In December 1941 it was engaged in heavy fighting in the Kerch Peninsula in December. Despite being instructed to hold its ground, the XXXXII Army Corps commander, General von Sponeck, gave the order to pull back. This order was countermanded by the 11th Army commander, Erich von Manstein, but since von Sponeck had already disassembled his wireless set, the order to hold ground was not received. The division avoided encirclement and eventually helped stem the tide of the Red Army landings at Feodosiya.

The withdrawal of the division infuriated the commander of Army Group South, Field Marshal Walther von Reichenau, and on Hitler's orders, Sponeck was dismissed. The division's commander, General Kurt Himer, was also relieved of his command, and Reichenau ordered the division to be stripped of its honors.

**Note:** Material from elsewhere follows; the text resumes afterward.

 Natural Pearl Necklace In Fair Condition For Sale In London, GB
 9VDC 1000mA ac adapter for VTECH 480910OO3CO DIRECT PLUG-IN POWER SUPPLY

After the death of Reichenau two weeks later, his successor Fedor von Bock restored Himer to command along with the division's honours (Himer was mortally wounded in March 1942 and succeeded as commander by General Ernst Haccius). It participated in the Siege of Sevastopol and in the fighting in the Caucasus in the winter of 1942–43. As the tide of the war turned against the Germans, the division was forced to gradually retreat through Ukraine. By September 1943, its strength was considerably reduced and by late 1944, having made a fighting retreat through Transylvania and the Carpathian Mountains and engaged in action on the Slovakian-Hungarian front, it was effectively at regimental strength.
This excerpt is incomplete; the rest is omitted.